Showed up at junior high Career Day this morning without a career.
I didn’t plan it that way, of course. I had a career when they asked me to come back again this year. Actually, I had a career yesterday. Or was it two days ago? It’s all sort of a blur at this point.
My 13-year-old daughter’s instructions were pretty clear on how to address her fellow eighth graders, this being the first time she and I had ever collided on the Career Day circuit.
“Please,” she said with real feeling. “Please, don’t be boring.”
And then for added dramatic effect, “Really.”
This was pressure beyond any deadline I have ever encountered. But so as not to leave the impression that she is somehow insensitive, she said this before I was let go from the Tribune. Let go? Is that how you say it? My husband says “laid off” is OK, much better than fired.
Anyway, after my daughter learned I was laid off, after I made a crack about going to Career Day without a career and after she hugged me and expressed her sympathy, she added worriedly, “But really, what are you going to do?”
Whatever it was, it seemed it would be OK with her as long as I wasn’t boring. That I would not embarrass her was understood, not that I would comply with that one.
I struggled a bit with whether or not to mention the fact that I was no longer a Tribune employee, briefly considered pointing my finger at the kids and warning them that if they followed their dreams, they would get their little hearts broken, that it was a cruel, cruel world.
But then I figured that might get me laid off from the Career Day circuit and though no one is paying me, you never know where it could lead.
I actually spoke nicely about the Tribune, more out of habit than anything. Told the kids, as I always do, how superior newspapers have always been as a news source as opposed to much of the alternative.
I even told one of my favorite stories about Mike Royko, though for the last several years I’ve sadly been getting blank stares in return when I mention his name.

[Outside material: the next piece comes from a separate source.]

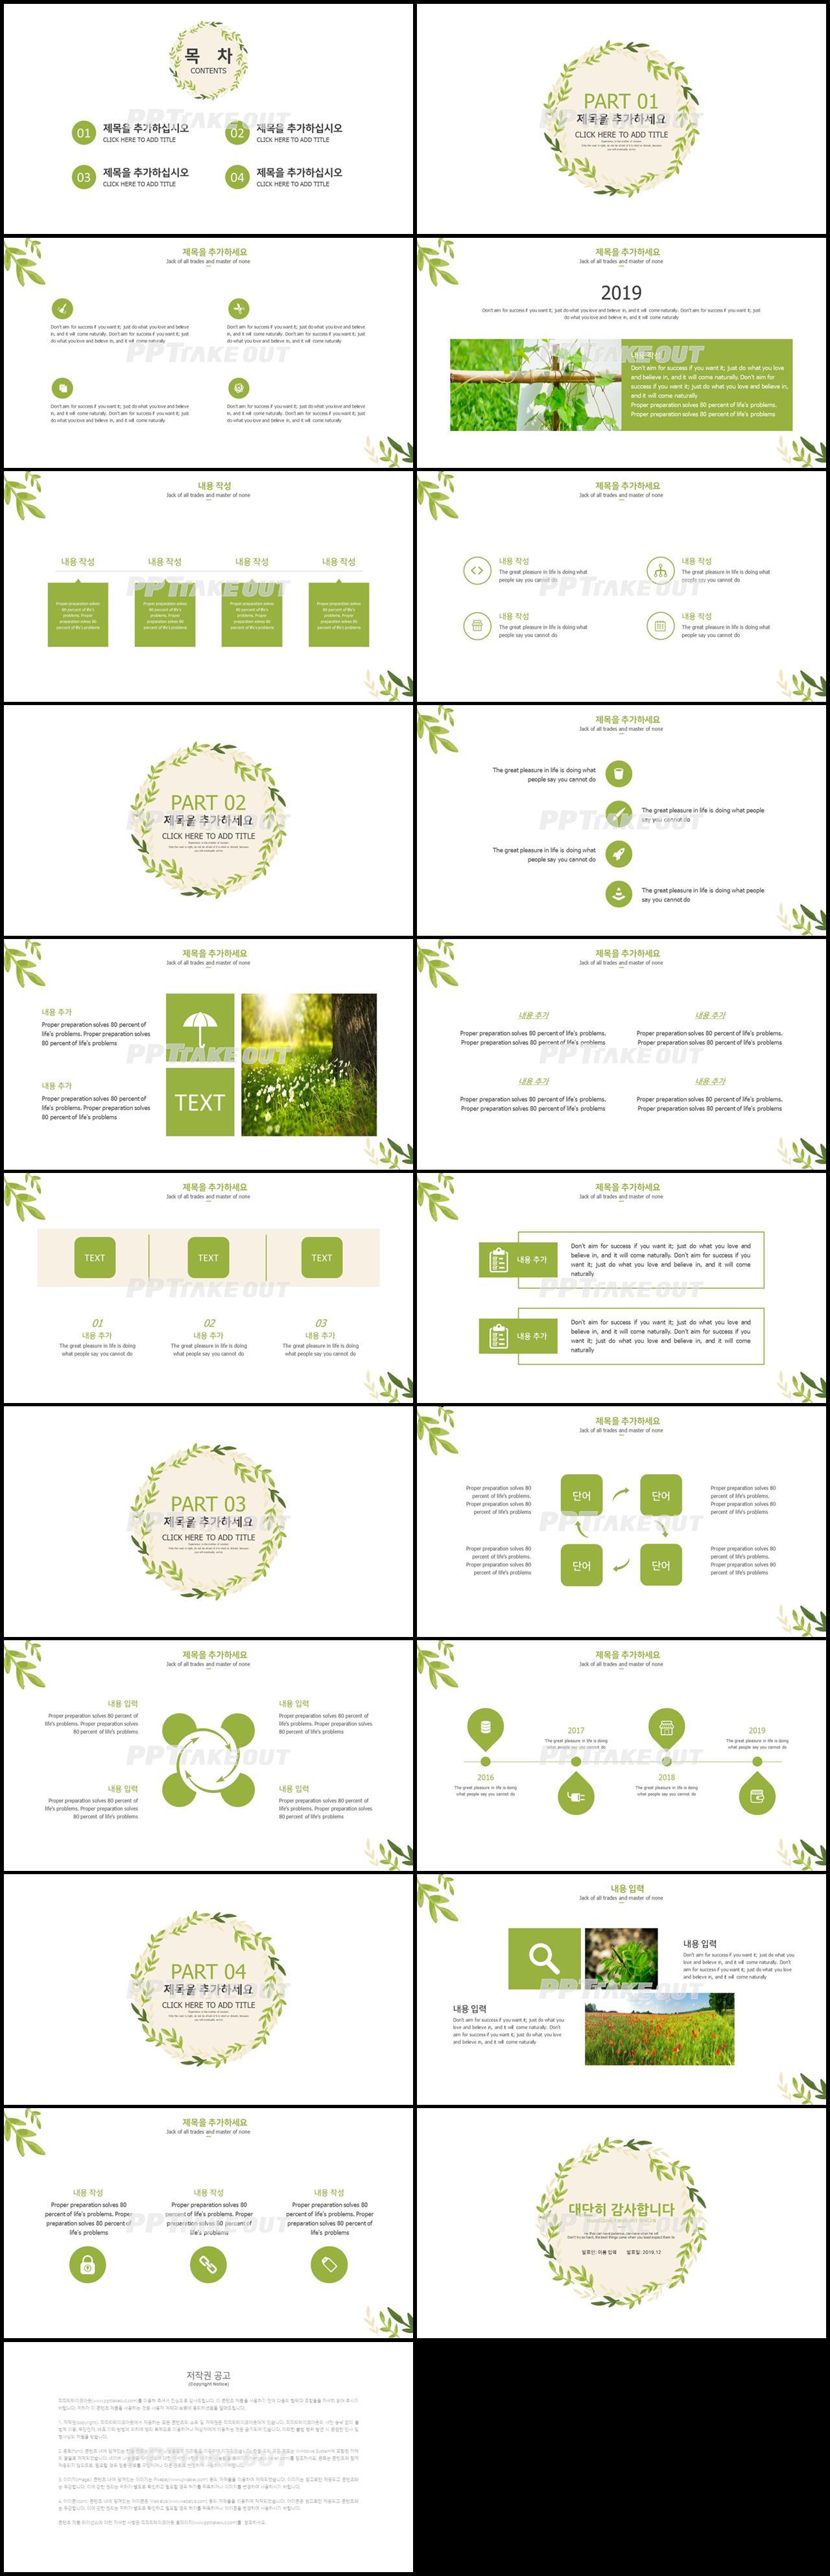 비즈니스 초록색 수채화 멋진 PPT양식 다운로드 상세보기
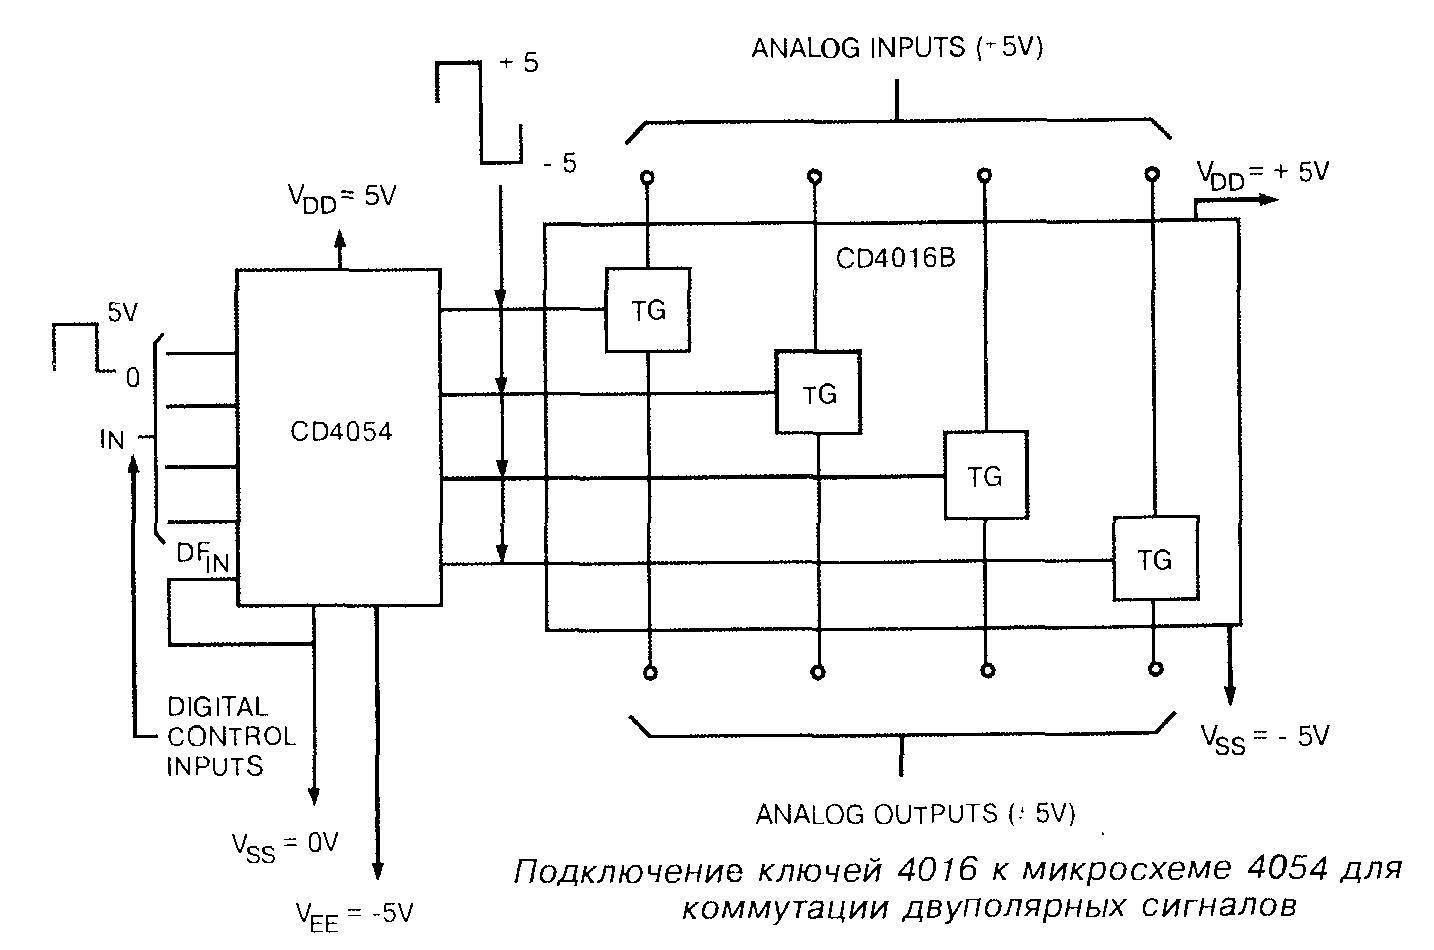 Подключение ключей 4016 к микросхеме 4054 для коммутации двуполярных сигналов

I was in college, early eighties, working part-time during vacations answering phones in the sports department of the Sun-Times, and once again I found myself inside Billy Goat’s Tavern, hoping for a glimpse of my journalistic idol.
Royko was a regular but I always seemed to miss him until this one particular Friday, as he walked in and settled behind the bar. For an hour, maybe more, I worked up my courage to approach him, rehearsed what I would say (“Mr. Royko, I’ve always been a great admirer of your work” seemed like a good start). And finally, I actually got out of my chair and started in his direction.
My arm was out-stretched, ready to make my move, when a drunken patron cut me off.
“Hey Royko, that column of yours today was a load of crap,” the guy slurred.
But before he could go on, Royko reached into his pocket, pulled out a quarter and flicked it in the guy’s face.
“There’s your money back,” Royko snarled. “Now, f— off.”
Not long after engineering a quick about-face and shooting back to the safety of my table, I marveled at the brilliance of that move.
For a quarter, we got Mike Royko. We got his Pulitzer Prize-winning wit and cynical best in its perfect literary simplicity. We got a lot more for a quarter and for a while, we got it for 50 cents and then 75 cents, still a lot more bang for the buck than your average bottle of fake spring water.
I believed that with all my heart. And so I would tell the story to kids, imploring them to get into the habit of reading the newspaper, even just glance at the headlines.
I found myself telling them that again Friday and the kids didn’t even look too bored. I was quite pleased with myself actually, as I snuck a glance at my daughter, who looked at me almost approvingly.
“It wasn’t too bad,” she said afterward in one of those proud mother-daughter moments to savor.